How happy will the investor be if the portfolio returns 11%, compared with 10%? What about 9%? 8%? 7%? How worried is the investor about potential losses? And so on. These preferences must be modeled as functions of the return (or terminal wealth, which is just initial wealth times the return). Each potential outcome corresponds to a quantifiable level of satisfaction.

It’s a complex problem. Investors don’t express their preferences that way. Never in the history of financial advice has a client walked into an advisor’s office and declared, “Hi, my name is John, and I have log-wealth utility preferences.” Plus it’s nearly impossible for financial advisors to build a utility function from scratch.

Fortunately, utility theory has been a rich field of research in financial economics. Several functions have been suggested to describe investors’ attitudes toward risky outcomes. Most of them are some version of “power utility.” For example, investor utility can be defined as to the natural log of wealth, or its square root, or any other exponent applied to wealth.1 Suppose I have a log-wealth utility function. To calculate the utility of a given outcome (return), say +5%, I simply apply the “ln” function, as follows:

Utility = ln (1 + 5%) = 0.049

The number 0.049 doesn’t mean much by itself. But if we apply the log function to all possible future returns and then calculate the sum of these numbers, we obtain our total expected utility. That’s the number we want to maximize. We can try different portfolio weights until we find the allocation that generates the highest total utility.

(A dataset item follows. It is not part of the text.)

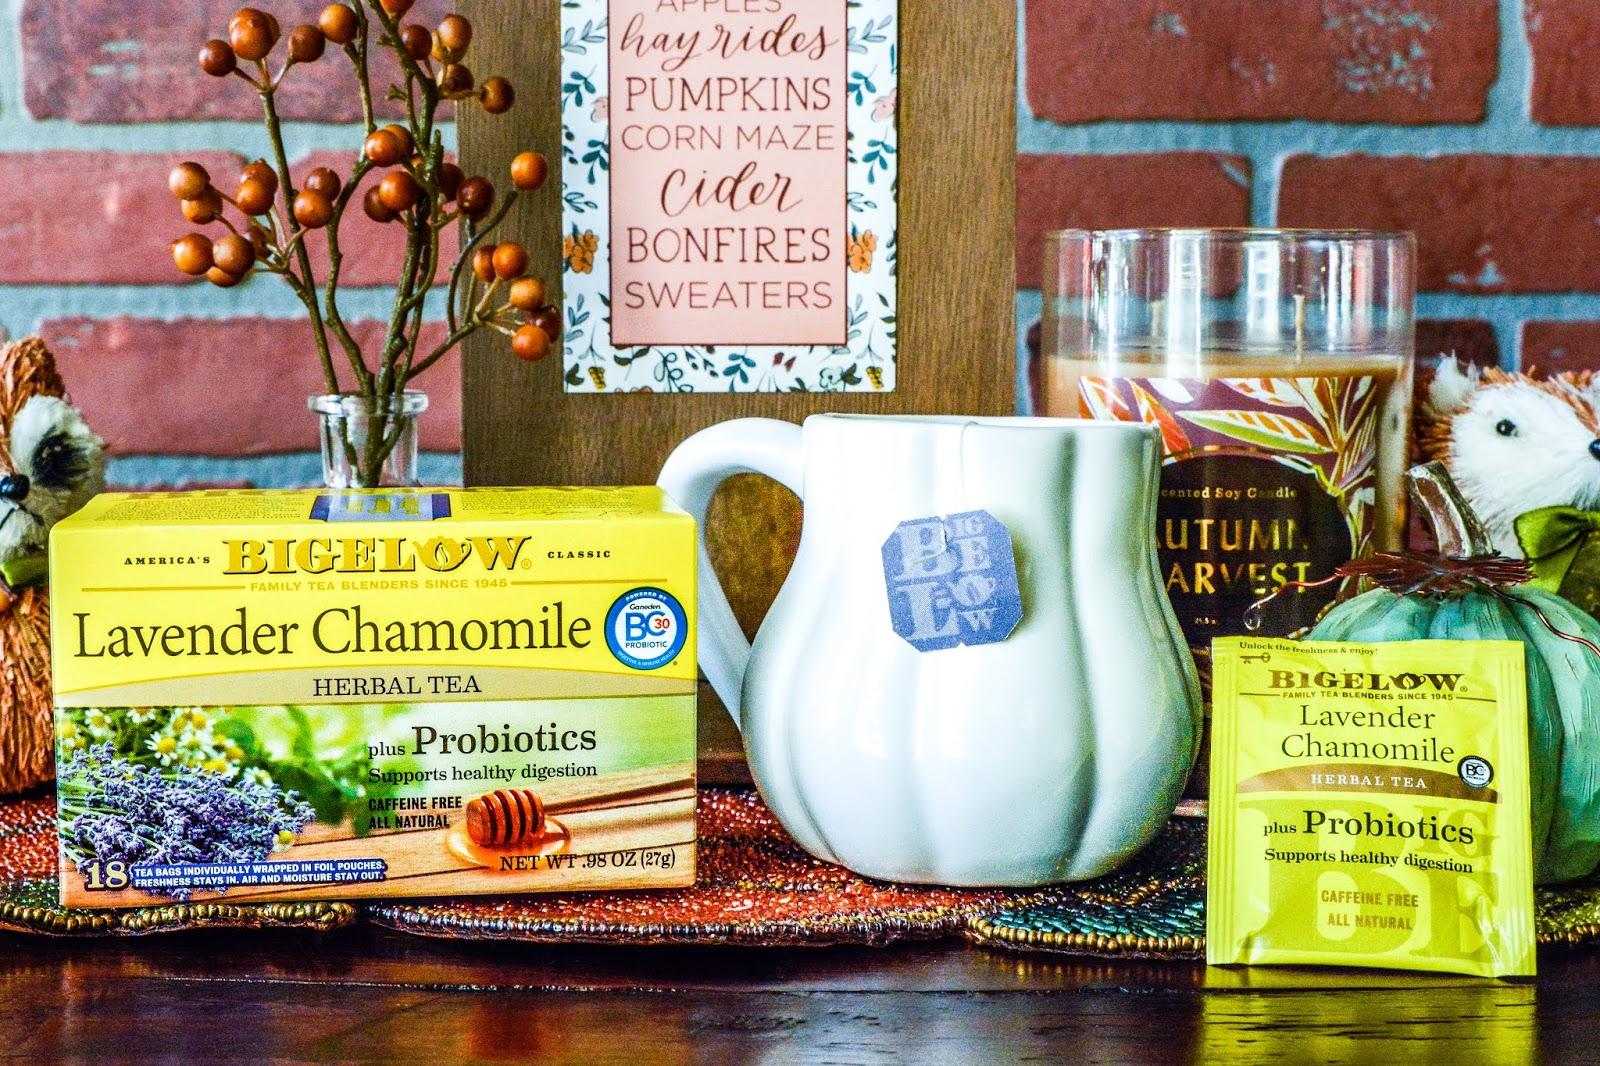 Bigelow Lavender Chamomile Tea
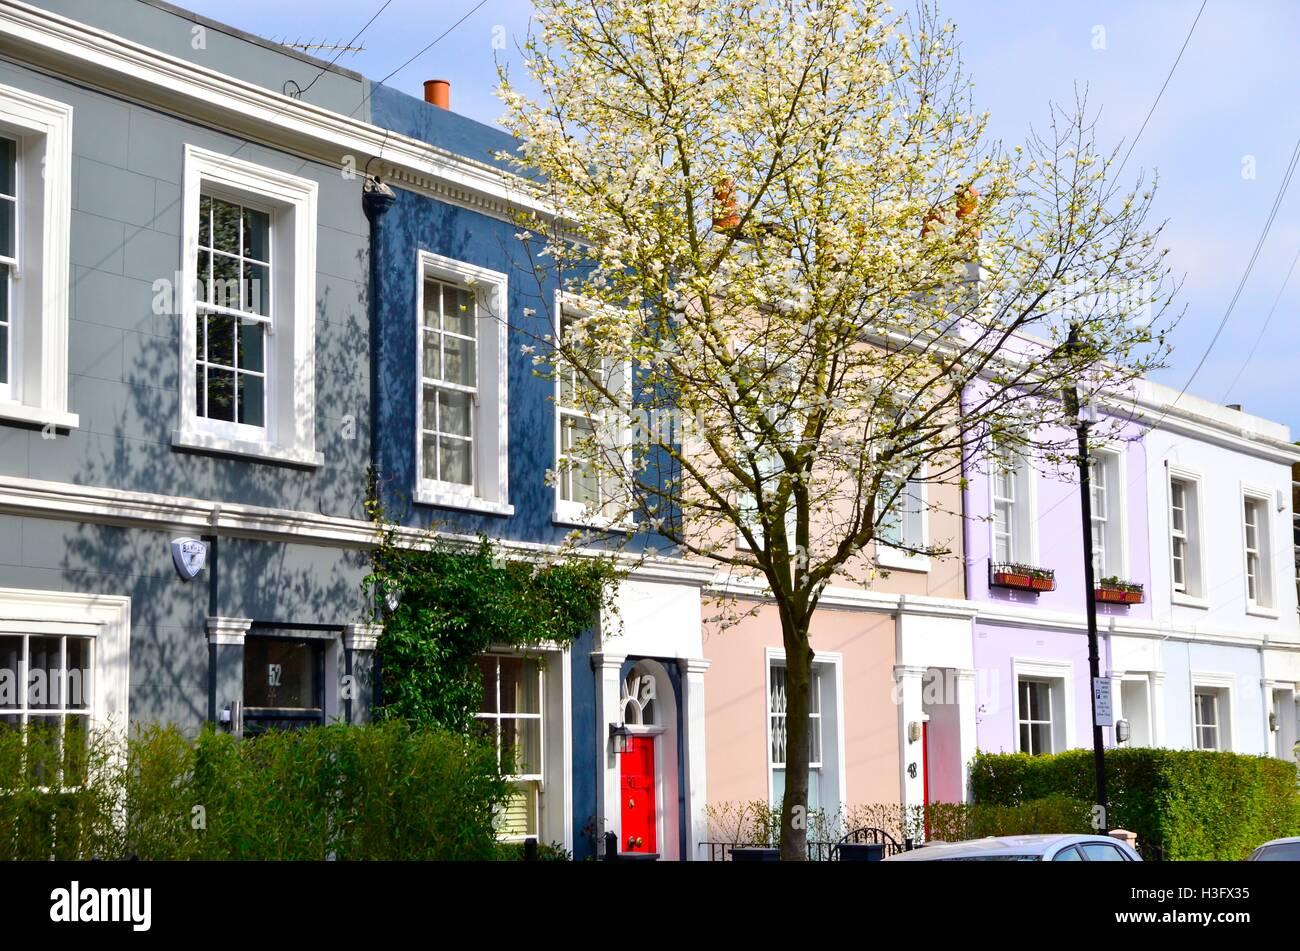 Colourful houses on Portobello Road, Notting Hill, London, England - Stock Image

Utility maximization may seem technical, but it is the essence of portfolio construction. To understand this concept is to understand all there is to know about portfolio optimization, and generally how we invest in the presence of risk.

Let’s expand this example to build more intuition. We can use a simple case or “toy model,” like those Samuelson used in his note to Mark.

Suppose we want to construct a portfolio composed of two asset classes: stocks and bonds. Also, assume that the probability of a recession is 10%, during which stocks will sell off and lose 20%, while bonds will return +9%. Otherwise, there is a 90% probability that we will stay in an expansion, and stocks will return +11%, while bonds will return +7%.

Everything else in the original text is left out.